На эту прогулку — ибо для дона Кандидо это было не что иное, как прогулка, — хозяин поместья отправился в сопровождении своих гостей и нескольких служащих. Падре и капитан-педанео также присоединились к компании, хотя сделали это лишь из уважения к дону Кандидо: падре теперь уже было поздно выполнять по отношению к умершему свои обязанности священника, а капитана-педанео от выполнения его обязанностей освобождало то, что самоубийца был рабом и принадлежал сеньору Гамбоа, который, подобно прочим рабовладельцам, пользовался в пределах своих владений ipso jure [78] всей полнотой власти над жизнью и смертью своих рабов.
78
На
Дон Кандидо приказал вынуть ноги покойника из колодок.
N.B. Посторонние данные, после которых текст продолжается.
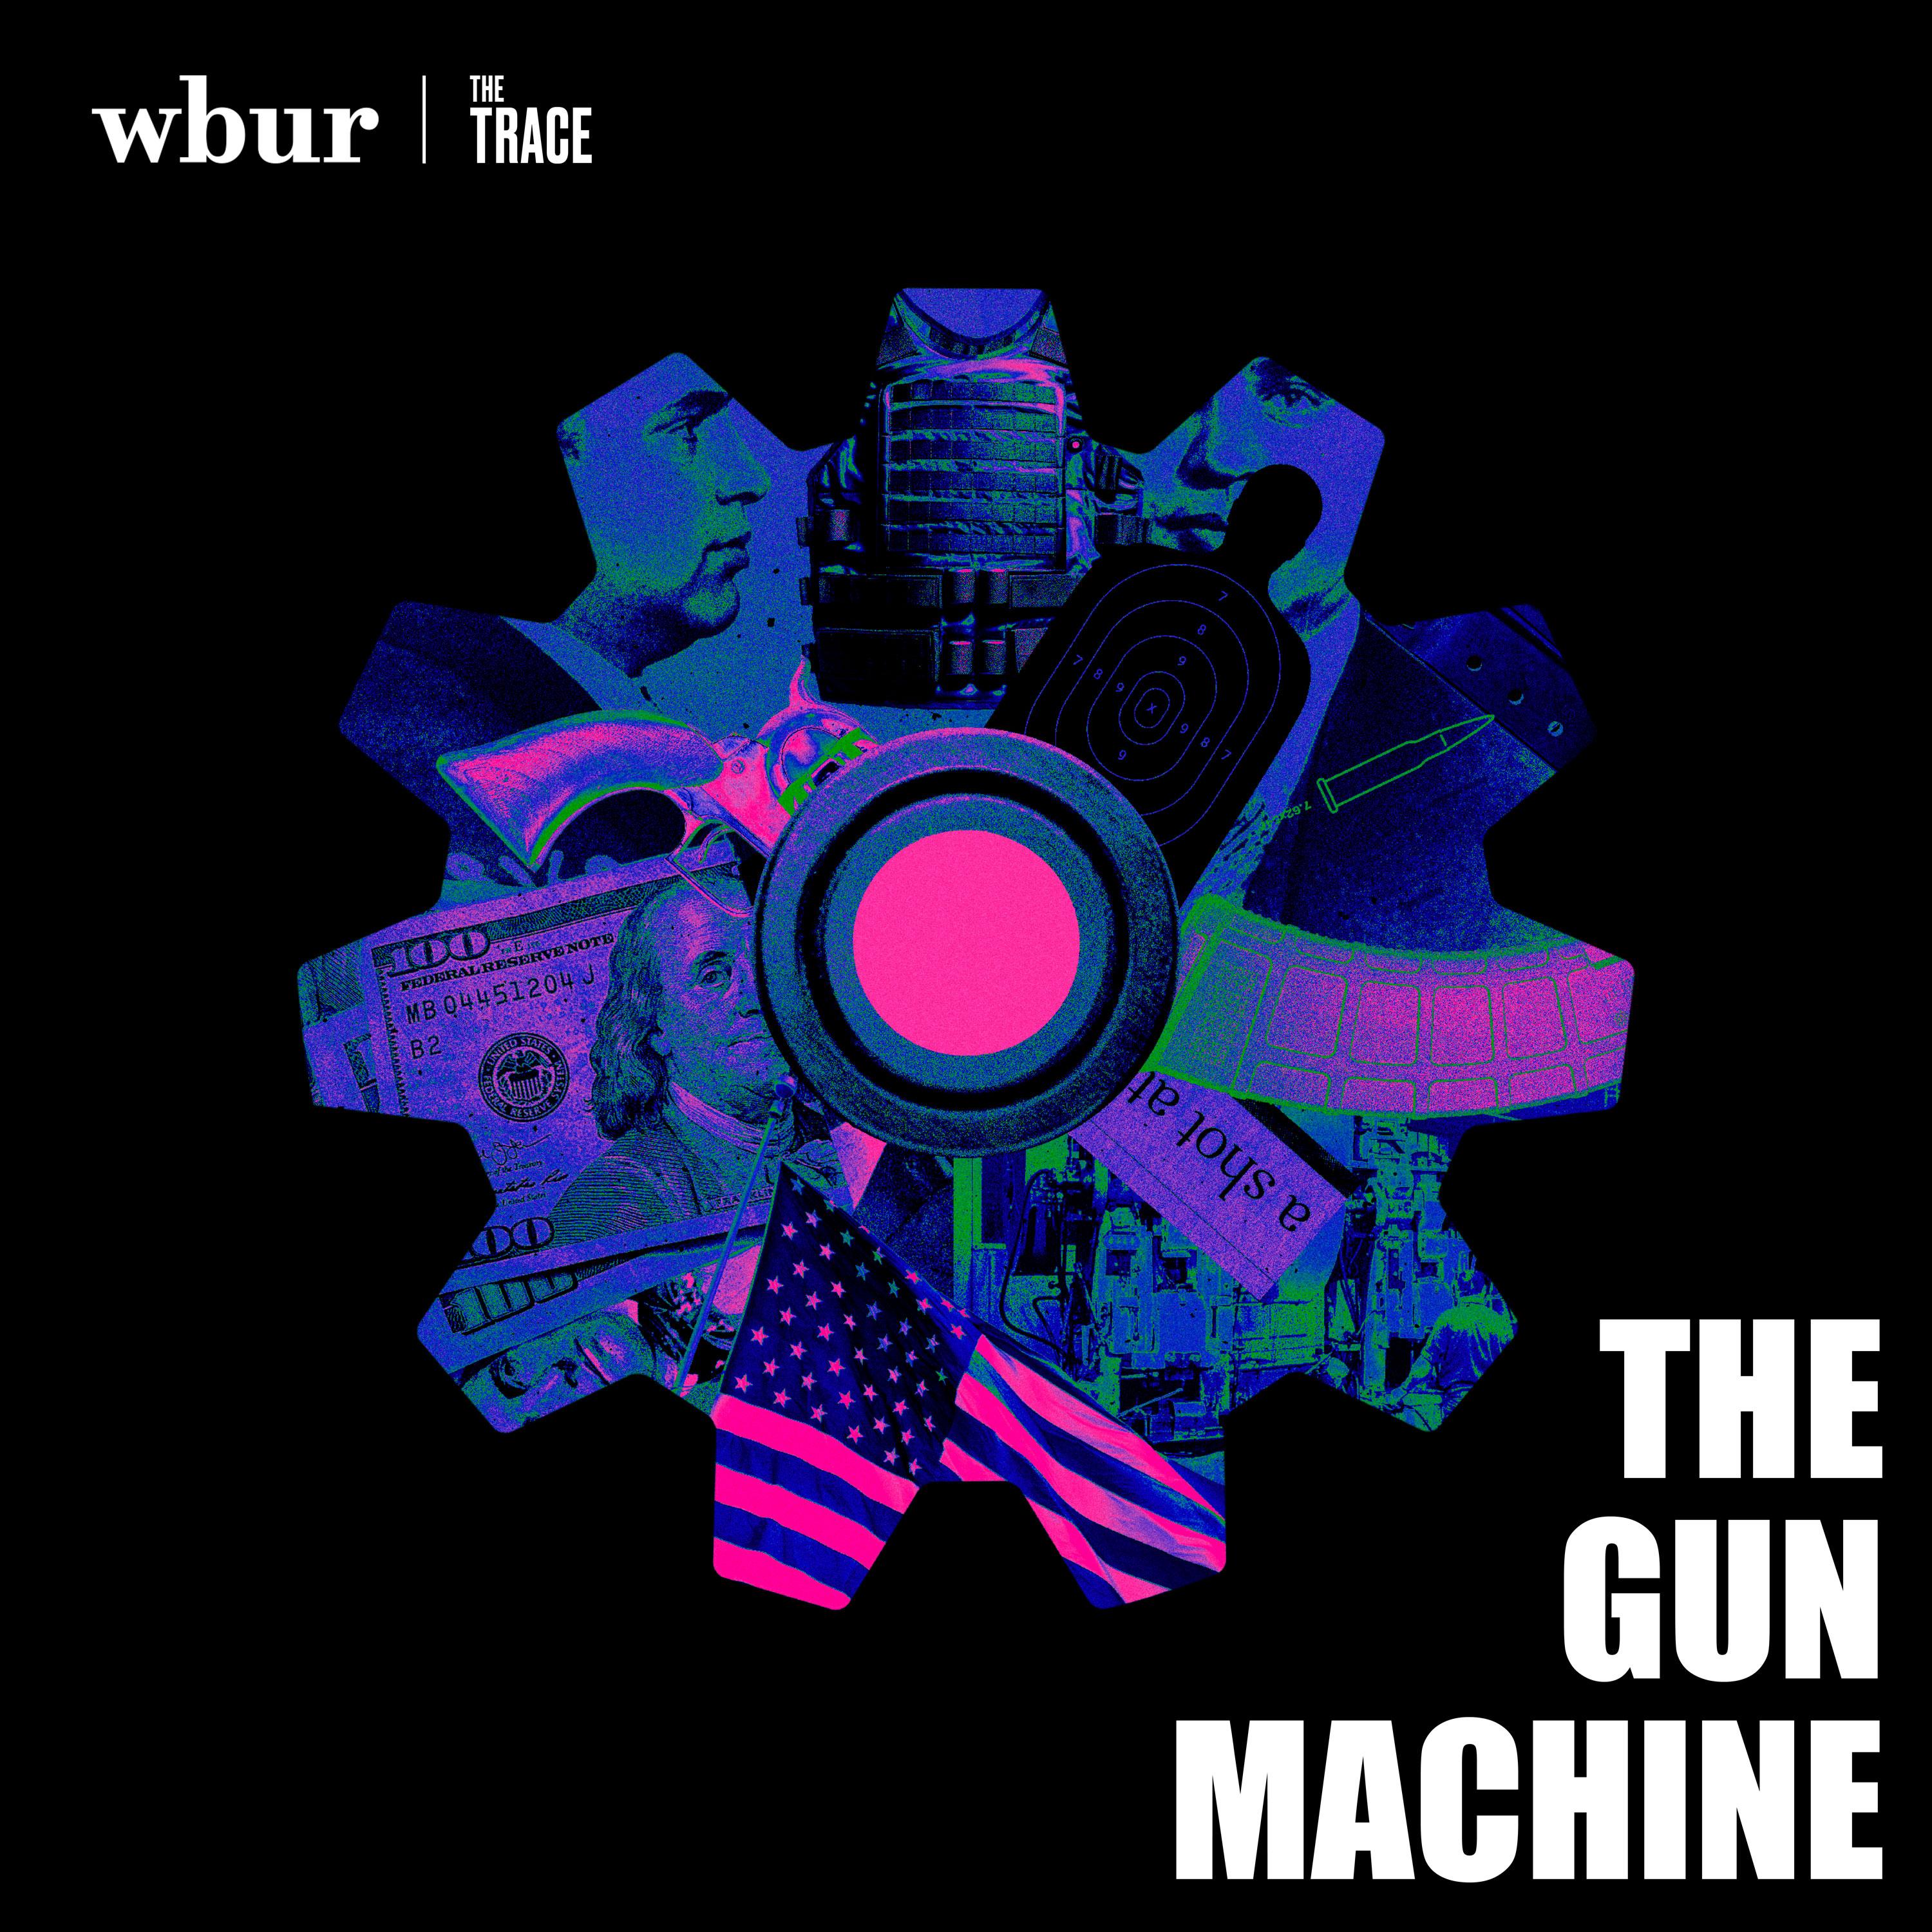 Thumbnail for "The Gun Machine".

Труп уже окоченел, и вид этого тела, распростертого на голых деревянных мостках, ложе предсмертных мучений несчастного негра, был ужасен. Скрюченные пальцы намертво впились в доски закраин; искусанные собаками руки и ноги и высоко поднявшаяся грудь сильно распухли; налитые кровью глаза почти выкатились из орбит; кровавые пятна покрывали изодранную в клочья одежду. Особенно же страшным казалось лицо покойника потому, что кожа у него над бровями была подрезана и накатана кверху до самых корней волос, как требовал того обычай его племени; а по щекам от век до нижней челюсти протянулись полосы вертикальных разрезов. Из-под приподнятой верхней губы виднелись обточенные и заостренные, согласно тому же племенному обычаю, верхние зубы, крепко сцепленные с нижними, — еще одно свидетельство мучительной предсмертной агонии. Умершему было на вид лет двадцать семь — тридцать, и следовательно, он покончил с собой в самую цветущую пору жизни.
— Жаль негра, жаль! — воскликнул Кокко.
— На работе ему цены не было, — отозвался дон Кандидо, истолковав по-своему смысл восклицания, вырвавшегося у управляющего инхенио Вальванера.
— Превосходный образчик африканского дикаря! — молвил священник. — Да смилостивится господь над его грешной душой.
— Видимо, негр этот был воплощенное непокорство, — глубокомысленно изрек капитан-педанео.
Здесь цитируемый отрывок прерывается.